Work request: From the line containing "wonderwoman _Soho PhotoGallery" to the last line of the data, both included, transcribe each line exactly, leaving out pictures and adding nothing.

Information shown START

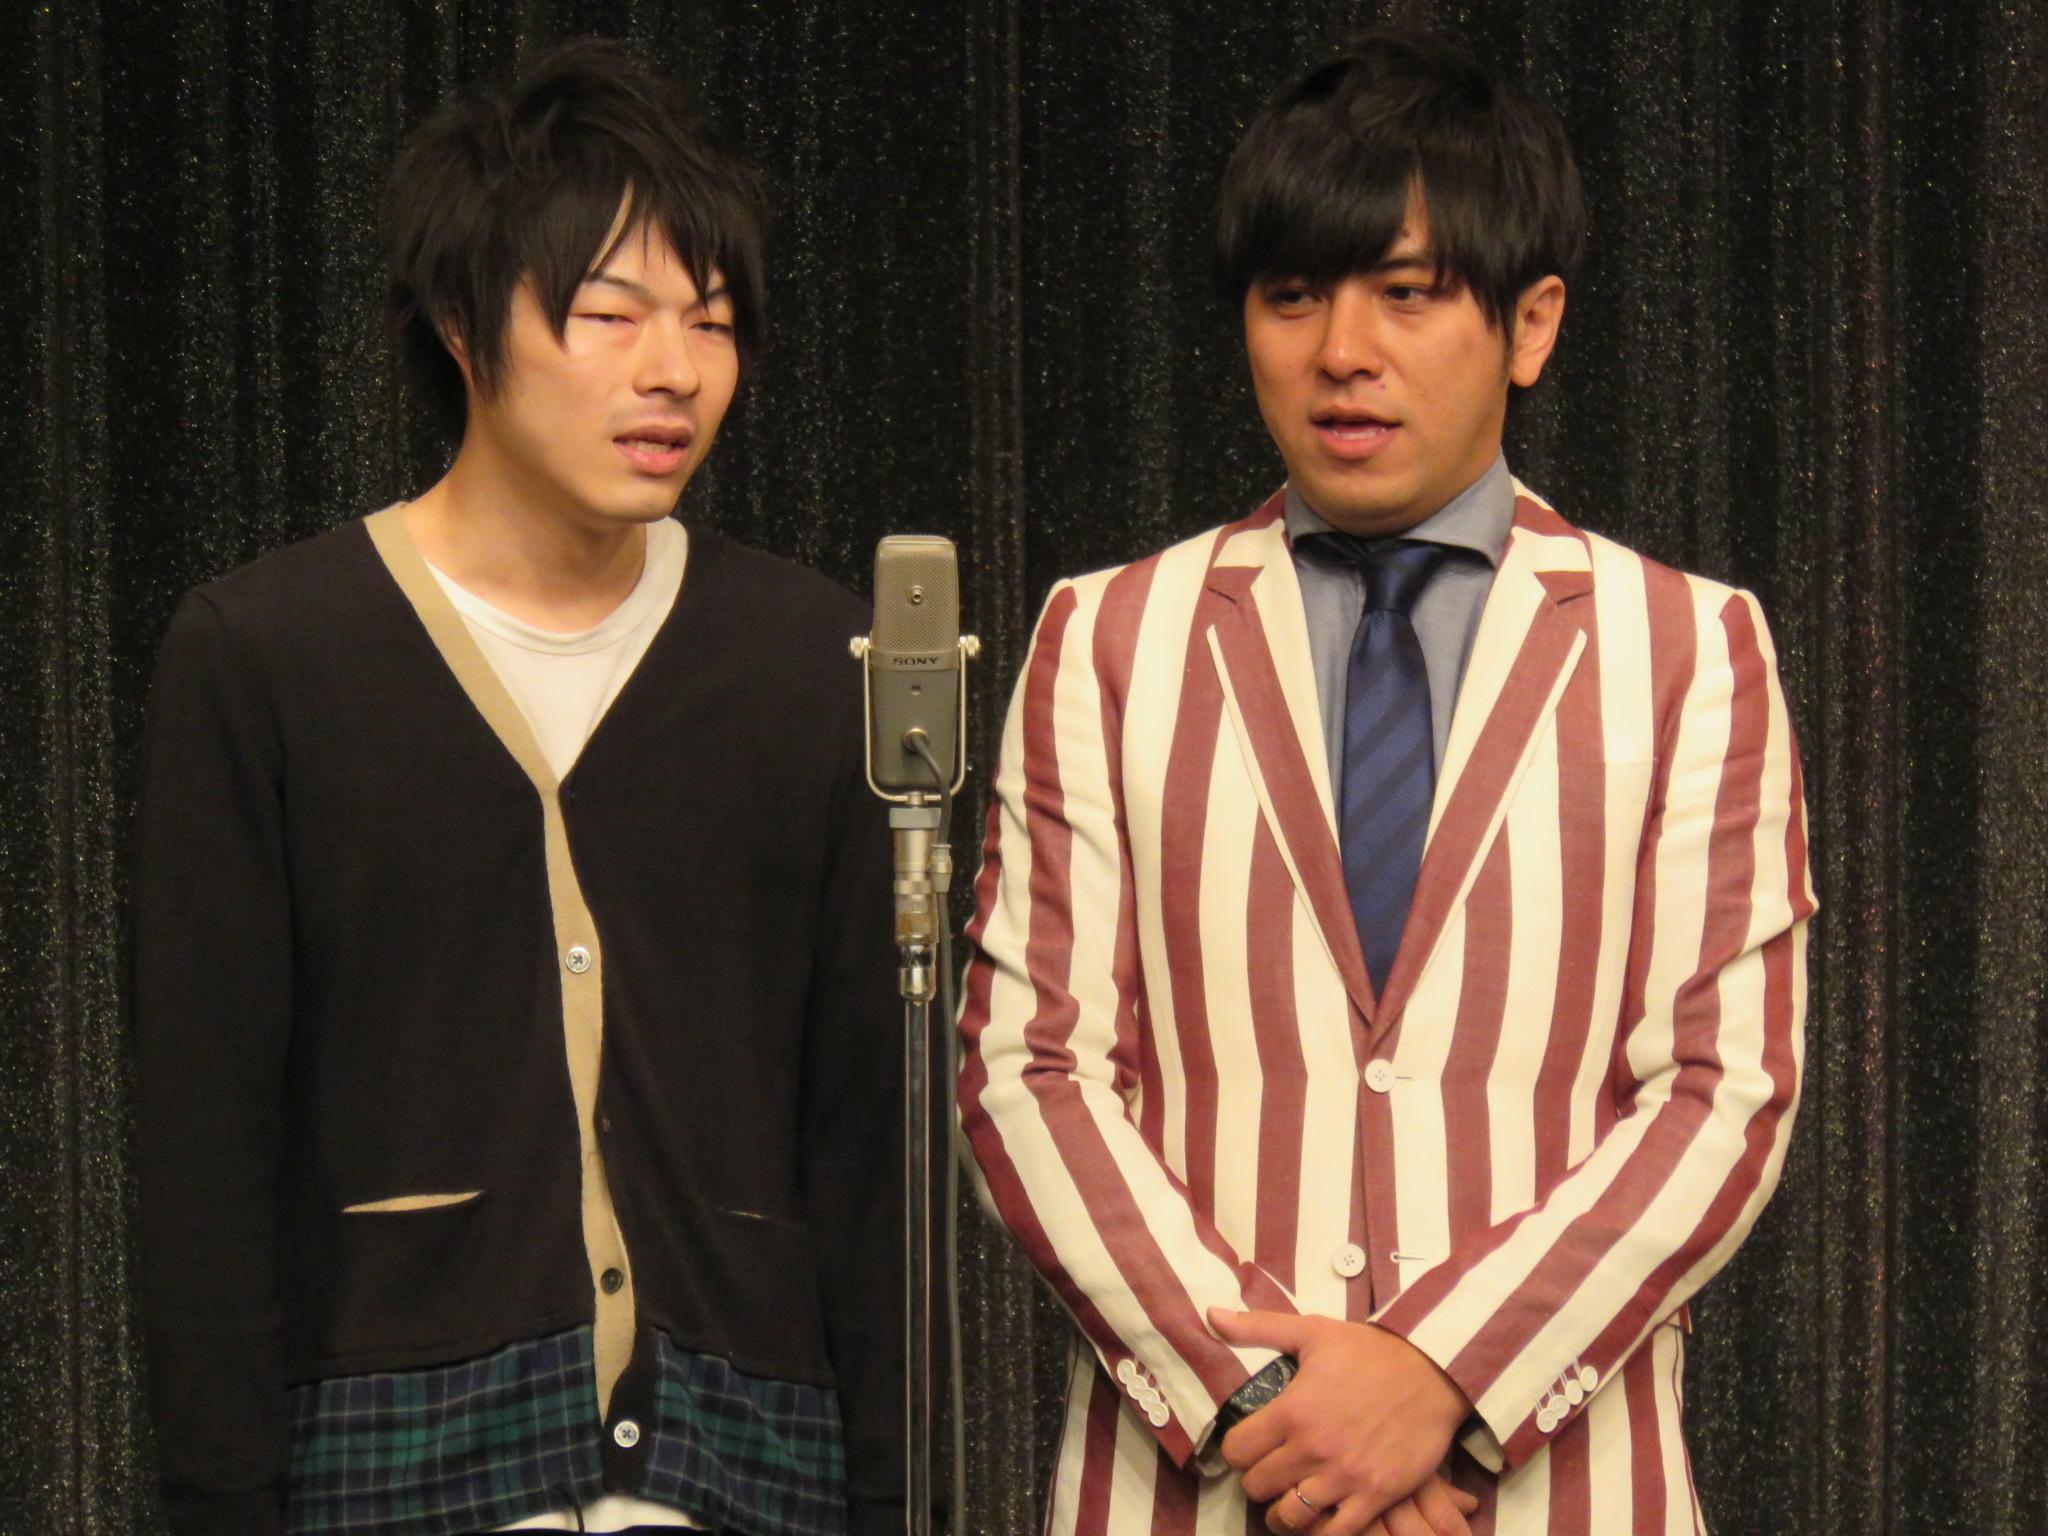 http://news.yoshimoto.co.jp/20151230165313-28f89f1d4a75a11e303adbd24e9cae56cbadda5c.jpg
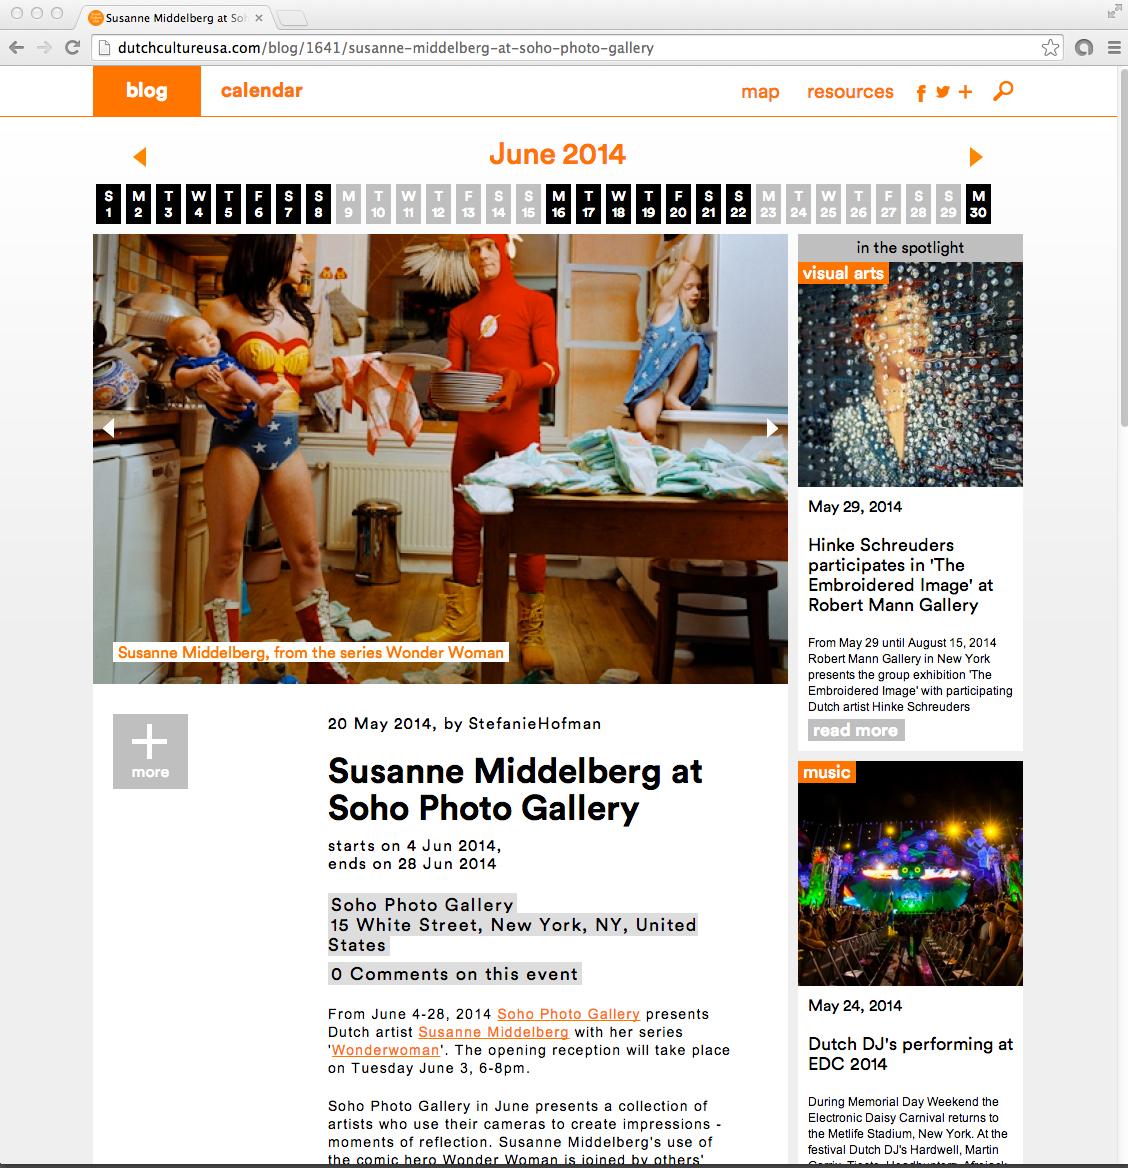 wonderwoman _Soho PhotoGallery New York_ Susanne Middelberg _Dennis van der Burch
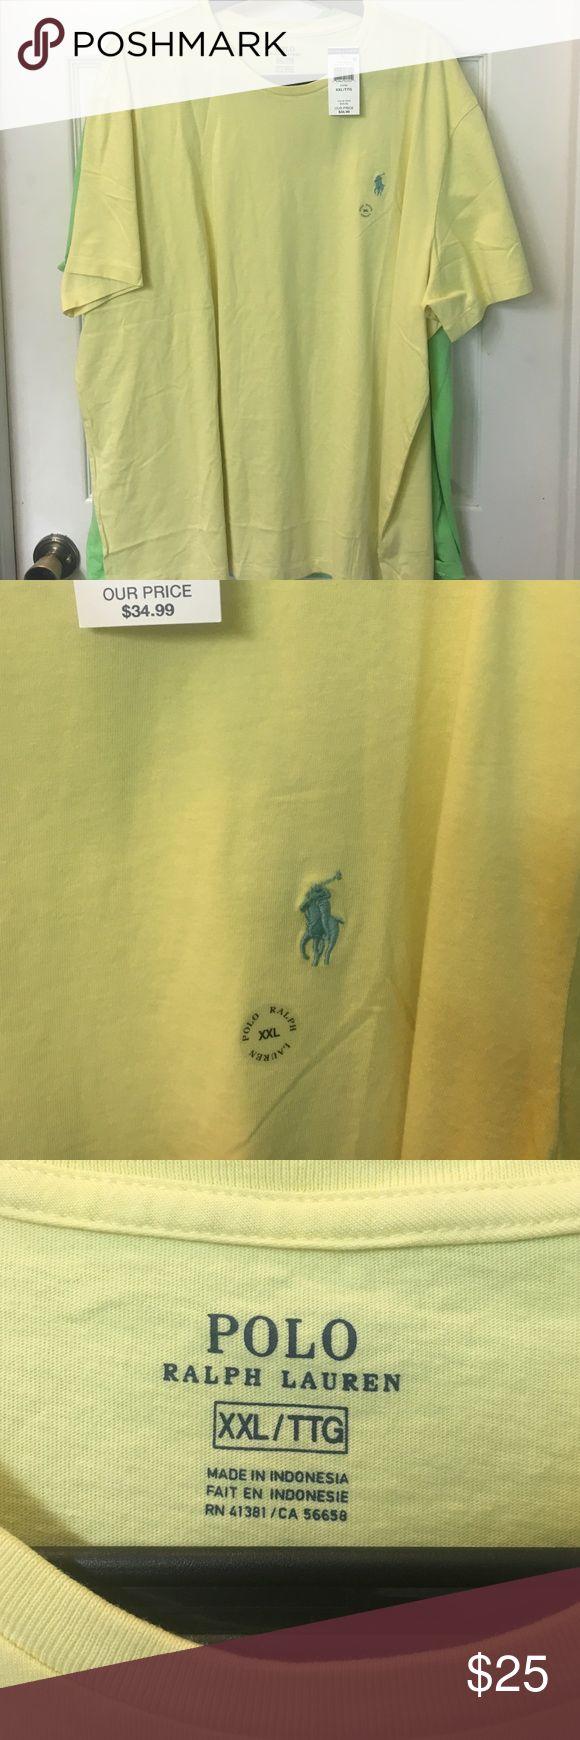 2 for 1 Polo tee shirt bundle Brand new polo tee shirt Polo by Ralph Lauren Shirts Tees - Short Sleeve

Information shown END

The answer:
 wonderwoman _Soho PhotoGallery New York_ Susanne Middelberg _Dennis van der Burch
 2 for 1 Polo tee shirt bundle Brand new polo tee shirt Polo by Ralph Lauren Shirts Tees - Short Sleeve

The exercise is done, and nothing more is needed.